The goal of surgery is to create more space for the rotator cuff. To do this, Prof Imam will remove the inflamed portion of the bursa. He may also remove part of the acromion. This is also known as a subacromial decompression. These procedures are done with an arthroscopic technique (Keyhole surgery). He may also treat other conditions present in the shoulder at the time of surgery. These can include arthritis between the clavicle (collarbone) and the acromion (acromioclavicular arthritis), inflammation of the biceps tendon (biceps tendonitis), or a partial rotator cuff tear.
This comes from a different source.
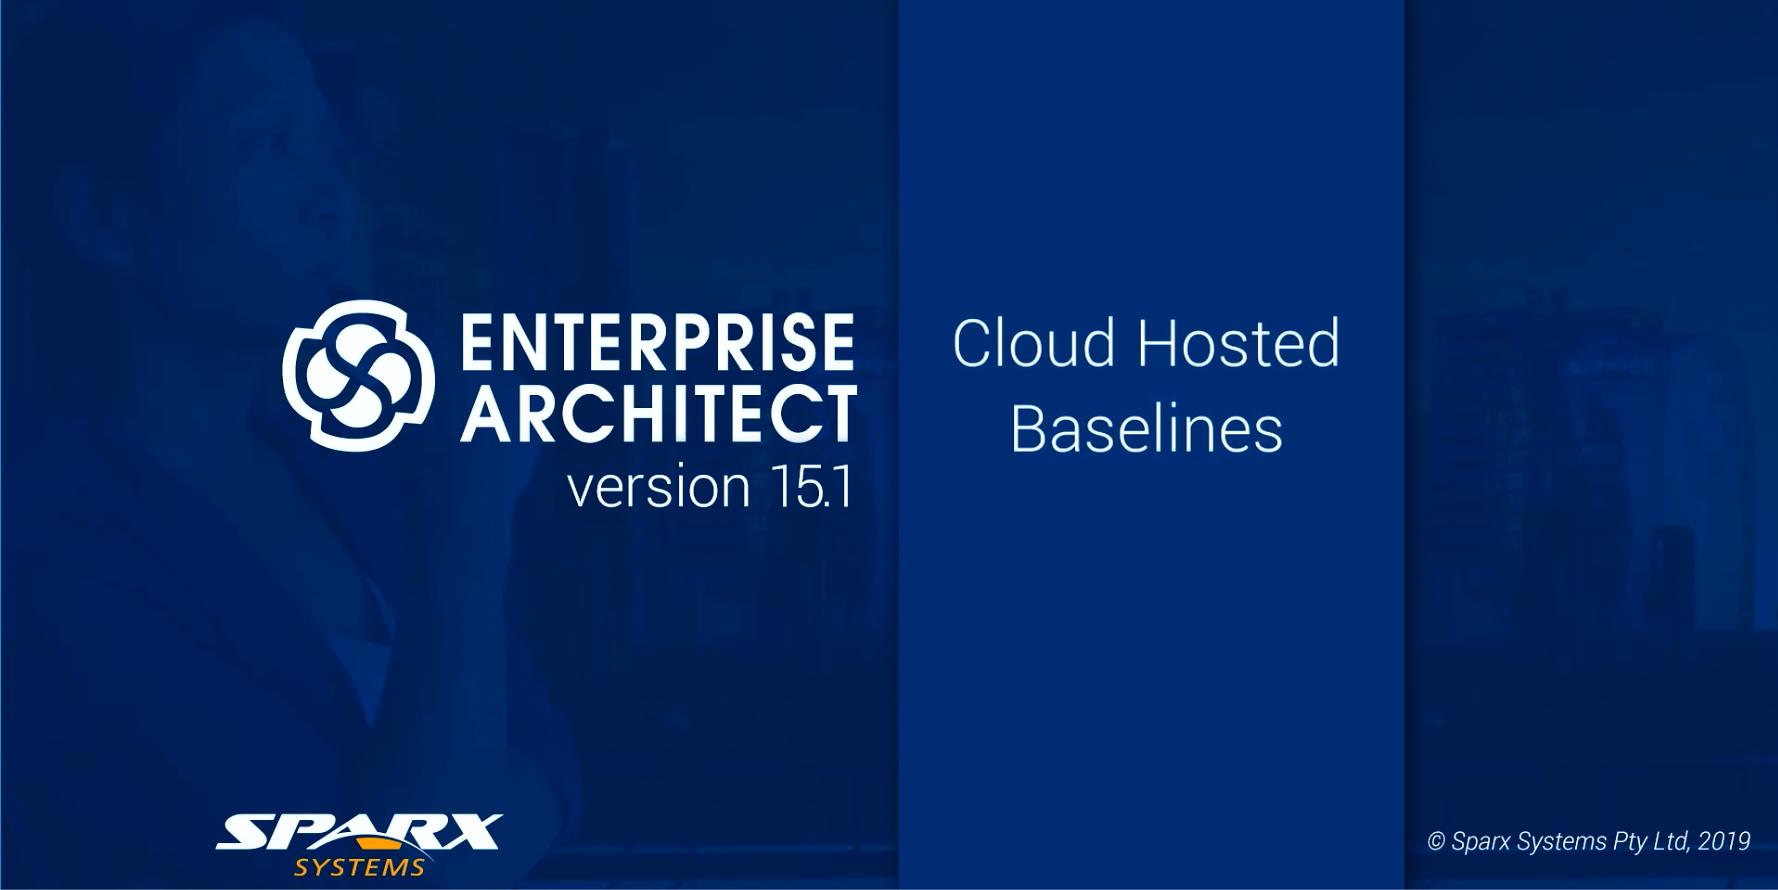 Enterprise Architect版本15.1功能解析(四):多个人同时在同一基础模型上工作

Rehabilitation. After surgery, your arm may be placed in a sling for a short period. This allows for early healing. As soon as your comfort allows, Prof Imam or a team member will remove the sling to begin exercising and using the arm.
Prof Imam or a team member will provide a rehabilitation program based on your needs and the findings at surgery. This will include exercises to regain the range of motion of the shoulder and strength of the arm. It typically takes 2 to 4 months to achieve complete relief of pain, but it may take up to a year, especially when the problem has been going on for a long time.

• Summary

◦ Subacromial impingement is the most common cause of shoulder pain which occurs as a result of compression of the rotator cuff muscles by superior structures (AC joint, acromion, CA ligament) leading to inflammation and development of bursitis.
◦ Diagnosis can be made on physical examination with a positive Neer and Hawkins tests, and can be supplemented with MRI studies.
◦ Treatment is a trial of nonoperative measures including NSAIDs, physical therapy and corticosteroid injections. Arthroscopic subacromial decompression with possible acromioplasty is indicated in patients who fail conservative measures.